Keeping backups on the same machine they protect satisfies no part of the 3-2-1 rule, so production backups target storage somewhere else on the network.
Supported targets. Windows Server Backup can write to SMB file shares, dedicated backup servers, and NAS appliances; cloud destinations are reached through third-party tools layered on top. A network share is the most common off-box target for a single server.
The trade-off to know. When WSB backs up to a network share it keeps only the latest backup at that destination (each run overwrites the prior one), so if you need multiple recovery points over time you either rotate shares or use a dedicated backup volume that retains a history.
The only proof a backup works is a successful restore. Backups that have never been restored are assumptions, and the worst time to discover a corrupt or incomplete backup is during a real outage.
The discipline. Run recovery drills on a schedule (quarterly is a common baseline) in an isolated environment so a test restore cannot collide with production, document the actual recovery time, and verify the restored data's integrity rather than just that the job finished.
The three metrics that frame every recovery plan: RTO (Recovery Time Objective), the maximum acceptable downtime; RPO (Recovery Point Objective), the maximum acceptable data loss, which dictates how often you back up; and MTTR (Mean Time To Recovery), how long restores actually take in practice. Drills are how you confirm your RTO and RPO are real and not aspirational.

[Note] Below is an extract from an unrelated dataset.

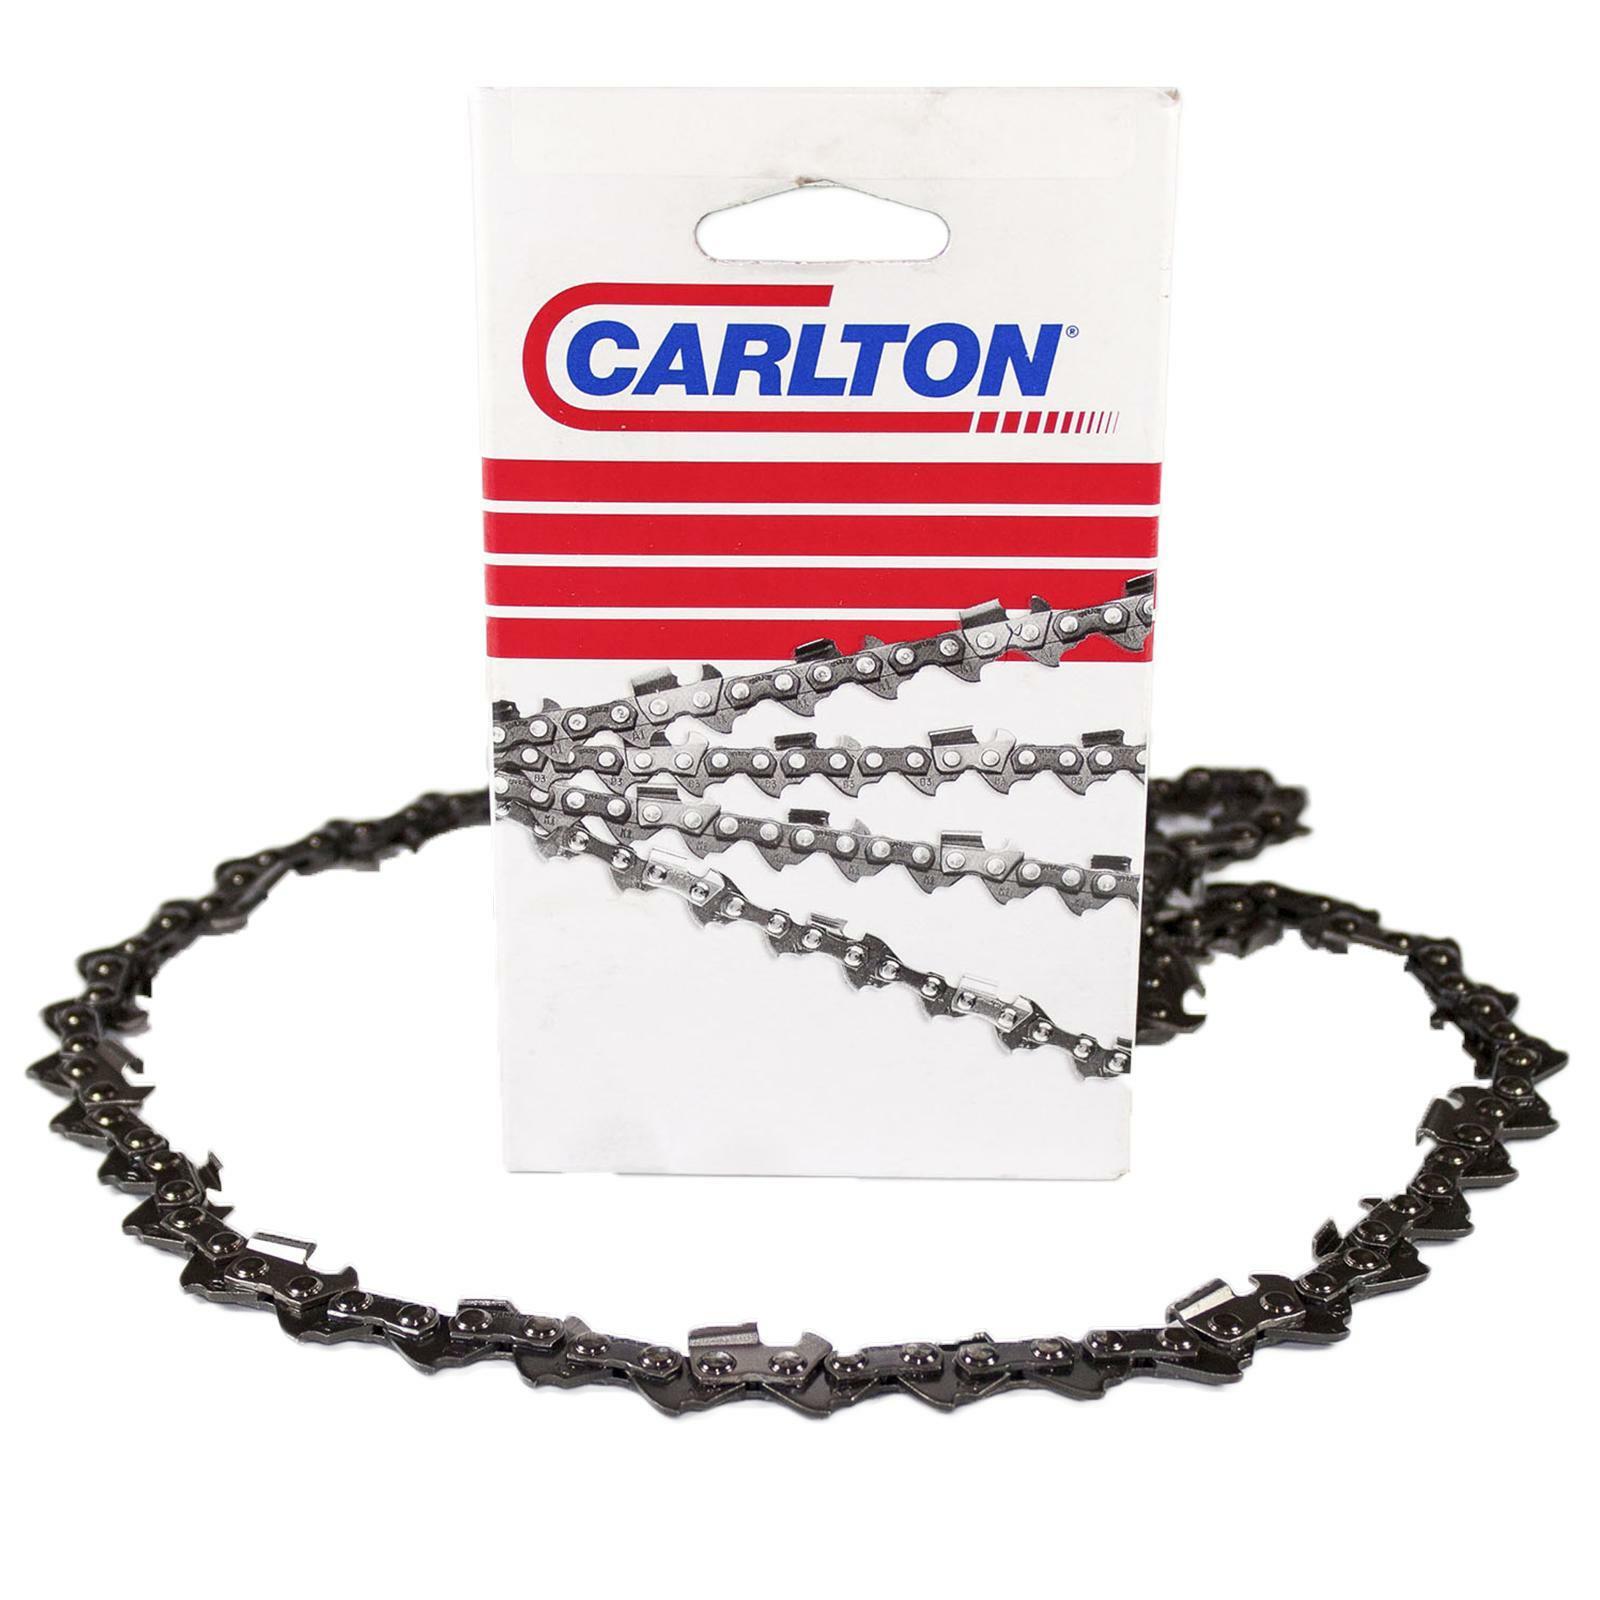 carlton catena per motosega carlton 3/8 sp 1.3 cm30 44 maglie

The labs take backup and recovery from concept to muscle memory. You will configure protection, schedule it, and then actually recover, the full lifecycle rather than just the backup half.
In the GUI lab you configure Windows Server Backup, set a schedule, run a System State backup, and browse and restore from it.
In the PowerShell lab you build WBAdmin policies, schedule them, point them at targets, check status, and drive a recovery, the scripted equivalent that scales to many servers.